Sorry, rant over, I just saw something on TV that brought the topic up all over again


----------



## RNprepper (Apr 5, 2014)

I agree, but it sure can be hard to do. I think besides physical fitness, learning to eat simply (home cooked from whole foods vs. prepared foods) is huge. Also to keep learning new skills and adding layers to redundancy (like multiple ways to cook, purify water, transportation, etc.) I also have orthopedic issues from old injuries, and found that losing a good deal of weight made a really big difference in pain and the ability to perform tasks. Those of us "past our prime" have to make do with what we have, but hopefully we become more creative in finding ways to "work smarter, not harder."


----------



## BagLady (Feb 3, 2014)

That's a good point. I was walking 2 miles a day. The weather plays hell with that here, but even tho I don't do it as often, I can still hoof it if I need to, for several miles.
It also helps that we have horses to pack anything we need, and ride if we want to.
But, since we plan on staying put, that would only come into play as an absolute "have to" situation.
We're used to camping, so I think we can handle the sanitation issues.


----------



## Ragnarök (Aug 4, 2014)

mental preparation is the most valuable.


----------



## Ragnarök (Aug 4, 2014)

physical is second but still very important


----------



## TacticalCanuck (Aug 5, 2014)

I strap on my ghb and go for a long walk though various terrain includimg rocky old river beds, hills and bush. Try to once a week. My plan would always be to get home with my family where we make preparations as seen fit for the situation.


----------



## Prepadoodle (May 28, 2013)

I have suggested that people strap on their full bug out gear, walk 4 miles, then see if they can jog another mile on top of it.

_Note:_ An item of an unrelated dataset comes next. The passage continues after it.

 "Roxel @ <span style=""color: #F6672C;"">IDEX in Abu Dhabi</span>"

If you can't do this, you have a problem.

Packing too much gear is easy to remedy... you can always lighten the load and press on.

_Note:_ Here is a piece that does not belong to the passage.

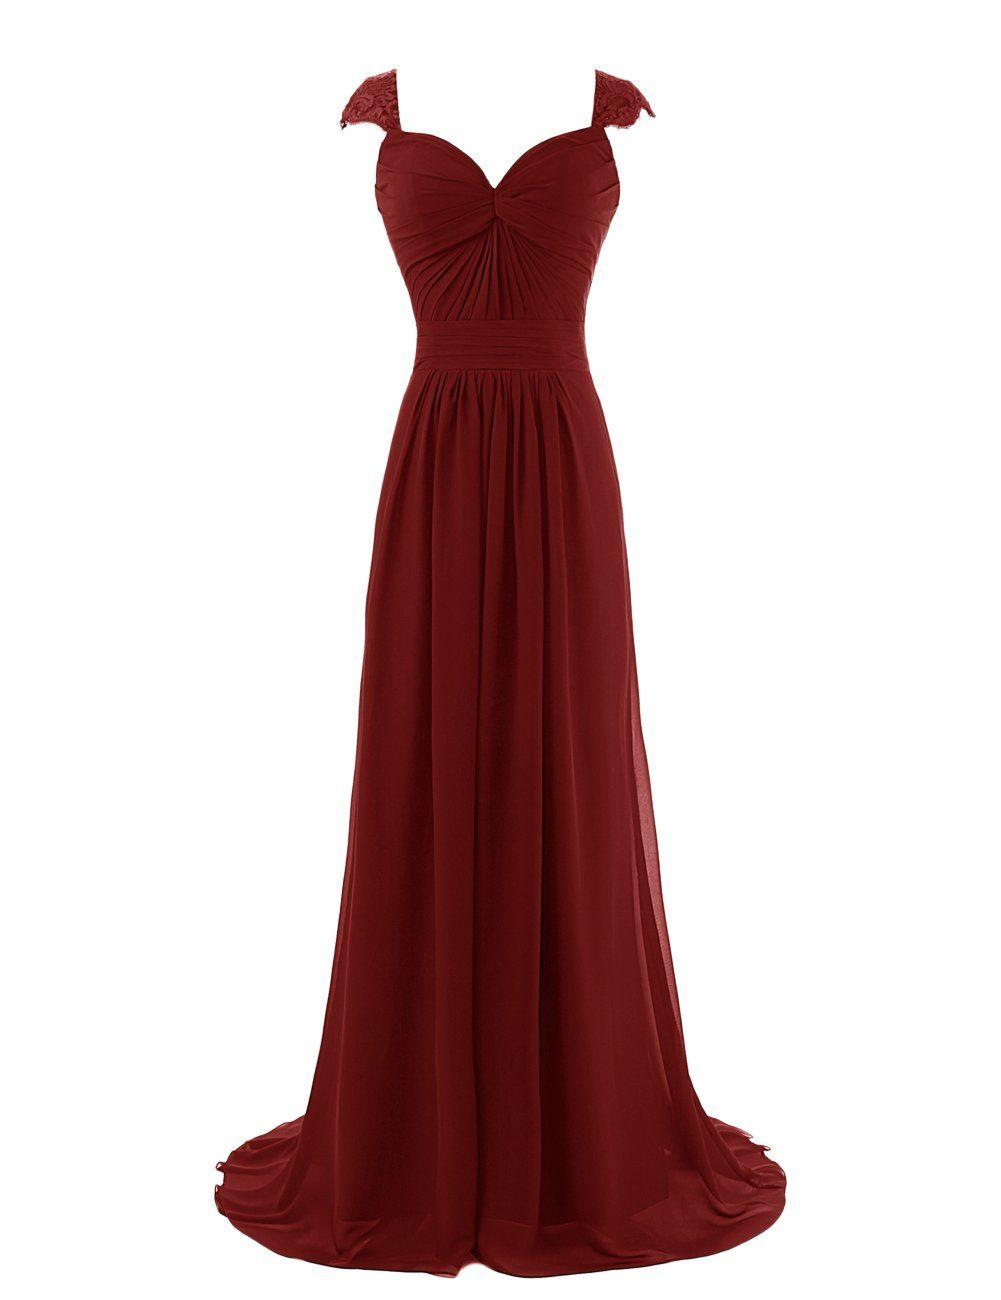 Diyouth long elegant chiffon sweetheart prom bridesmaid dress with

If you're carrying 60 pounds of excess blubber, well... no easy solution there. <shrug>


----------



## Big Country1 (Feb 10, 2014)

I have old sports injury, from playing football back in highschool. Since then i have put on some weight. I realized that all the preparations in the world would not help if my body cant handle it. So i have been working on it. It is difficult but i have been doing more than i thought i would have been able too. Losing 56 pounds (so far) has helped alot with the pain. And i am actually impressed with the amount of physical activity that i am now able too do.


----------



## adian (Oct 28, 2014)

Big Country1 said:


> I have old sports injury, from playing football back in highschool. Since then i have put on some weight. I realized that all the preparations in the world would not help if my body cant handle it. So i have been working on it. It is difficult but i have been doing more than i thought i would have been able too. Losing 56 pounds (so far) has helped alot with the pain. And i am actually impressed with the amount of physical activity that i am now able too do.

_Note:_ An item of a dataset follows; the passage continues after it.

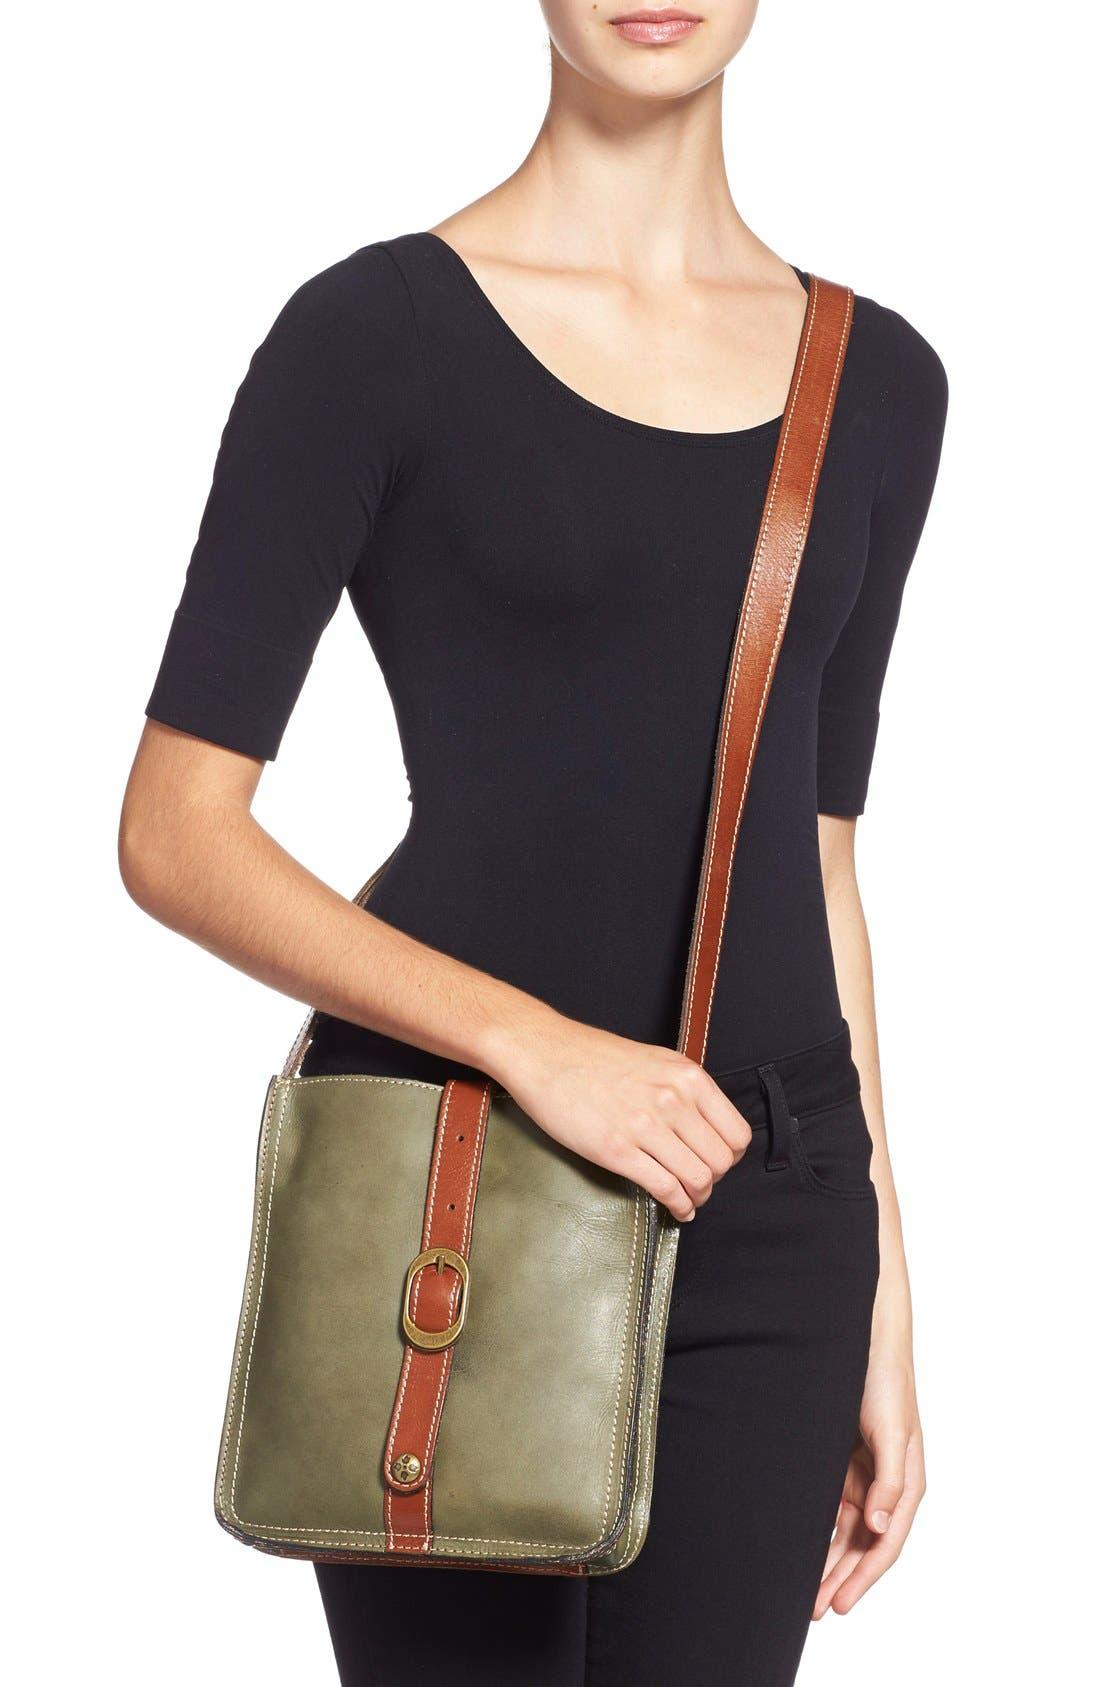 Alternate Image 2  - Patricia Nash 'Venezia' Leather Pouch

Congrats on the loss! That's motivational right there!

Most people don't realize how just losing 10-20 pounds makes a huge difference in how they feel and perform. But also in a world where we aren't as clean, our immune systems are stronger, we handle stress better and we just feel better overall.


----------



## TG (Jul 28, 2014)

We covered physical preparedness many times in this forum


----------



## Maine-Marine (Mar 7, 2014)

I doubt we will go from zero to MARINE CORPS fitness ready.. I doubt it will happen that fast... And frankly unless we are facing the UN.. I am not going to be hauling 3 kids and a 75 pound pack.

fitness is important..it is not the MOST important... I would rather be over weight and have lots of food and other preps then be superman fit.


----------



## adian (Oct 28, 2014)

I just think it is a part of prep that a lot of people leave out.


----------



## TG (Jul 28, 2014)

Physical fitness should be prep #1


----------



## Dinah (Sep 22, 2014)

I did not think of preparing myself physically until I saw it on this website. I am what I am...I don't think at age 60 I am going to move mountains getting more fit.


----------



## Slippy (Nov 14, 2013)

TorontoGal said:


> Physical fitness should be prep #1


My 80+ year old mother and a well oiled M4 will stop a cross fit superstar everytime.


----------



## Jeep (Aug 5, 2014)

I love her


----------



## Slippy (Nov 14, 2013)

Jeep said:


> I love her


Guns don't bother Mom but the last time I tried to move her to live with us, she asked me how many snakes I had seen. I told her quite a few and she said she was fine where she was. But she said if she falls down the stairs and breaks her hip, it would be my fault so she's calling me.

I can't wait til I'm real old and can say what I want...


----------



## Dinah (Sep 22, 2014)

Thank you Slippy ... I feel better.


----------